Purpose: Higher mortality has been reported in older patients with moderate traumatic brain Injuries (TBI) compared to younger patients. To identify the risk factors associated with in-hospital mortality, complications and extended length of stay in moderate TBI patients.
Methods: DESIGN: a multicentre observational cohort study using the Quebec Trauma Registry.
Population: Hospitalized patients aged ≥ 16 with a moderate TBI (a head injury with an Abbreviated Injury Scale (AIS) ≥ 3, and a GCS score of 9-12).
Outcomes: In-hospital mortality, complications and prolonged length of stay.
Analyses: Multivariable logistic regression.

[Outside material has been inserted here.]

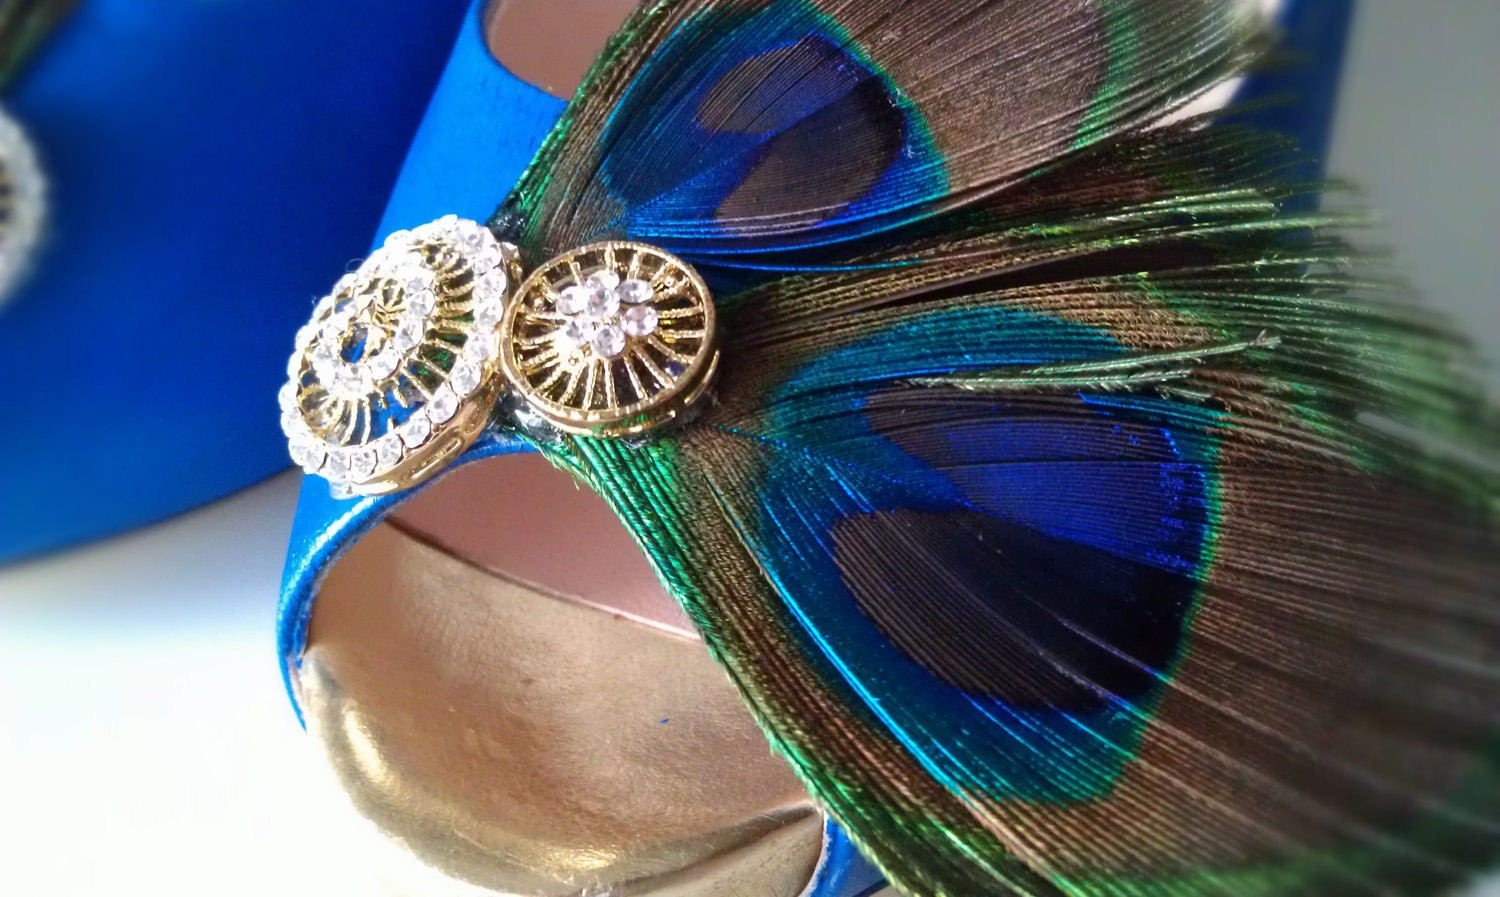 Peacock Blue Shoes Peacock Wedding Shoes Peacock Feathers Peacock Wedding

Results: We included 1005 patients, 38.1% of whom were aged ≥ 65. The in-hospital mortality rate was 20.1%. Male sex (OR = 1.6 [95% CI:1.02-2.6], age (≥ 85 years old VS < 65 years) (OR = 18.7 [95% CI: 9.2-38.1]), ≥ 2 comorbidities (OR = 2.3 [95% CI: 1.3-4.0]), Injury Severity Score (OR = 1.04 [95% CI: 1.01-1.1]), presence of intraparenchymal hematoma (OR = 3.5 [95% CI: 2.2-5.5]) or other CT scan findings (cerebral edema, pneumocephalus, subpial hemorrhage, and pituitary injury) (OR = 1.9 [95% CI: 1.2-3.1]) were associated with increased odds of mortality. Male sex (OR = 1.8 [95% CI: 1.2-2.6]), age (65-74: OR = 1.7 [95% CI: 1.1-2.8] & 75-84: OR = 1.6 [95% CI: 1.03-2.6]), ≥ 2 comorbidities (OR = 2.9 [95% CI: 1.8-4.7]), thoraco-abdominal concomitant injury (OR = 2.0 [95% CI: 1.01-3.8]), and subarachnoid hemorrhage (OR = 7.6 [95% CI:1.5-38.5]) were associated with increased odds of complications. The number of comorbidities (≥ 2 OR = 1.7 [95% CI: 1.1-2.7]), spine injury (OR = 2.4 [95% CI: 1.4-4.1]), and delirium (OR = 3.1 [95% CI:1.8-5.2]) were associated with an increased odd of extended length of stay.
Conclusions: This study identified risk factors of in-hospital mortality, complications and extended length of stay, most of which are quickly available in the Emergency Department (ED). These factors could help clinicians identify moderate TBI patients at high risk of in-hospital mortality and guide shared decision-making regarding goals of care.